Your goal: Line by line, copy out the data that follows.

======== Information shown

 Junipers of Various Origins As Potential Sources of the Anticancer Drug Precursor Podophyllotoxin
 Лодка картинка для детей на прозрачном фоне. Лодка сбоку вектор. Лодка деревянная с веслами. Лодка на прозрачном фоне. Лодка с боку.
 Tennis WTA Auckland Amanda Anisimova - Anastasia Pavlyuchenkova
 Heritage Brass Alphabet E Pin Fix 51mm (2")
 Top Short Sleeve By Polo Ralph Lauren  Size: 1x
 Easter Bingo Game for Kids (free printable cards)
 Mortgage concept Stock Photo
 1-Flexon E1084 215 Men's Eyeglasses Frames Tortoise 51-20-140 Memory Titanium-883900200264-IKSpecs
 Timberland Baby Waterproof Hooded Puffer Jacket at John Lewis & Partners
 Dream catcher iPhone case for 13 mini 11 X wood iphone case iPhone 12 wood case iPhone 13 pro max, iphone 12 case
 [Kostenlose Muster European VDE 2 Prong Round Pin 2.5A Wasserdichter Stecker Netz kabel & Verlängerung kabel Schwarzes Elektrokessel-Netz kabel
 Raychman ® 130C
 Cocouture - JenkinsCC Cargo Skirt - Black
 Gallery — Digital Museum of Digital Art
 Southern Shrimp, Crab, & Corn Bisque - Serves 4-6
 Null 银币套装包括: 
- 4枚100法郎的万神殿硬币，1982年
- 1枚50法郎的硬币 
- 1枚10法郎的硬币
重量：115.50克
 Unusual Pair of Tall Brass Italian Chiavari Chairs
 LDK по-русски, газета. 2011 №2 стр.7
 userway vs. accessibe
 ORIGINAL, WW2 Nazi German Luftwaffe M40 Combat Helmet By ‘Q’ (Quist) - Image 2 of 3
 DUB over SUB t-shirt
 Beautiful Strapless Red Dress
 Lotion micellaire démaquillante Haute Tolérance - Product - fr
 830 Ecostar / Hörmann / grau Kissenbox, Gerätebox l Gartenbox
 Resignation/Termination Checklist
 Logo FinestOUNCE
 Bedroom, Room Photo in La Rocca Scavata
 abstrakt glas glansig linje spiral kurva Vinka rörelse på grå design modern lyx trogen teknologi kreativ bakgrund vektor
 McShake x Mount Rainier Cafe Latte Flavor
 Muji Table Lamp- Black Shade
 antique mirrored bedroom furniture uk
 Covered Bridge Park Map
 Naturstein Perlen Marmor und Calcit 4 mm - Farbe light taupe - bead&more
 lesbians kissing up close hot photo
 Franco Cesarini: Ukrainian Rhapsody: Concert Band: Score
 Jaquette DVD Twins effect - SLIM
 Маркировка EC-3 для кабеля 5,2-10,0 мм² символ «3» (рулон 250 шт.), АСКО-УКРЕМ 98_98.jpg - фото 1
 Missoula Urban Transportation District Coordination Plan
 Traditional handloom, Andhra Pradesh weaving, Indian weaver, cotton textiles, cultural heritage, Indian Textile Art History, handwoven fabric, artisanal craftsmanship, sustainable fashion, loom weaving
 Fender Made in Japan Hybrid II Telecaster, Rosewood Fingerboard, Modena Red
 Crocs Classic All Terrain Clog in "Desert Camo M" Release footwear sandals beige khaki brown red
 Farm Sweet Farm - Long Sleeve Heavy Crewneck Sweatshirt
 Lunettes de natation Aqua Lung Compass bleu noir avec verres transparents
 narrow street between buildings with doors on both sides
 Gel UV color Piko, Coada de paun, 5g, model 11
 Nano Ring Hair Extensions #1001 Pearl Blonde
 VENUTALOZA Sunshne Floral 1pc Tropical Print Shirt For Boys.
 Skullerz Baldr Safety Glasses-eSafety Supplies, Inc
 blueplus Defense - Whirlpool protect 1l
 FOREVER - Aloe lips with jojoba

================

Expected answer:
 Junipers of Various Origins As Potential Sources of the Anticancer Drug Precursor Podophyllotoxin
 Лодка картинка для детей на прозрачном фоне. Лодка сбоку вектор. Лодка деревянная с веслами. Лодка на прозрачном фоне. Лодка с боку.
 Tennis WTA Auckland Amanda Anisimova - Anastasia Pavlyuchenkova
 Heritage Brass Alphabet E Pin Fix 51mm (2")
 Top Short Sleeve By Polo Ralph Lauren  Size: 1x
 Easter Bingo Game for Kids (free printable cards)
 Mortgage concept Stock Photo
 1-Flexon E1084 215 Men's Eyeglasses Frames Tortoise 51-20-140 Memory Titanium-883900200264-IKSpecs
 Timberland Baby Waterproof Hooded Puffer Jacket at John Lewis & Partners
 Dream catcher iPhone case for 13 mini 11 X wood iphone case iPhone 12 wood case iPhone 13 pro max, iphone 12 case
 [Kostenlose Muster European VDE 2 Prong Round Pin 2.5A Wasserdichter Stecker Netz kabel & Verlängerung kabel Schwarzes Elektrokessel-Netz kabel
 Raychman ® 130C
 Cocouture - JenkinsCC Cargo Skirt - Black
 Gallery — Digital Museum of Digital Art
 Southern Shrimp, Crab, & Corn Bisque - Serves 4-6
 Null 银币套装包括: 
- 4枚100法郎的万神殿硬币，1982年
- 1枚50法郎的硬币 
- 1枚10法郎的硬币
重量：115.50克
 Unusual Pair of Tall Brass Italian Chiavari Chairs
 LDK по-русски, газета. 2011 №2 стр.7
 userway vs. accessibe
 ORIGINAL, WW2 Nazi German Luftwaffe M40 Combat Helmet By ‘Q’ (Quist) - Image 2 of 3
 DUB over SUB t-shirt
 Beautiful Strapless Red Dress
 Lotion micellaire démaquillante Haute Tolérance - Product - fr
 830 Ecostar / Hörmann / grau Kissenbox, Gerätebox l Gartenbox
 Resignation/Termination Checklist
 Logo FinestOUNCE
 Bedroom, Room Photo in La Rocca Scavata
 abstrakt glas glansig linje spiral kurva Vinka rörelse på grå design modern lyx trogen teknologi kreativ bakgrund vektor
 McShake x Mount Rainier Cafe Latte Flavor
 Muji Table Lamp- Black Shade
 antique mirrored bedroom furniture uk
 Covered Bridge Park Map
 Naturstein Perlen Marmor und Calcit 4 mm - Farbe light taupe - bead&more
 lesbians kissing up close hot photo
 Franco Cesarini: Ukrainian Rhapsody: Concert Band: Score
 Jaquette DVD Twins effect - SLIM
 Маркировка EC-3 для кабеля 5,2-10,0 мм² символ «3» (рулон 250 шт.), АСКО-УКРЕМ 98_98.jpg - фото 1
 Missoula Urban Transportation District Coordination Plan
 Traditional handloom, Andhra Pradesh weaving, Indian weaver, cotton textiles, cultural heritage, Indian Textile Art History, handwoven fabric, artisanal craftsmanship, sustainable fashion, loom weaving
 Fender Made in Japan Hybrid II Telecaster, Rosewood Fingerboard, Modena Red
 Crocs Classic All Terrain Clog in "Desert Camo M" Release footwear sandals beige khaki brown red
 Farm Sweet Farm - Long Sleeve Heavy Crewneck Sweatshirt
 Lunettes de natation Aqua Lung Compass bleu noir avec verres transparents
 narrow street between buildings with doors on both sides
 Gel UV color Piko, Coada de paun, 5g, model 11
 Nano Ring Hair Extensions #1001 Pearl Blonde
 VENUTALOZA Sunshne Floral 1pc Tropical Print Shirt For Boys.
 Skullerz Baldr Safety Glasses-eSafety Supplies, Inc
 blueplus Defense - Whirlpool protect 1l
 FOREVER - Aloe lips with jojoba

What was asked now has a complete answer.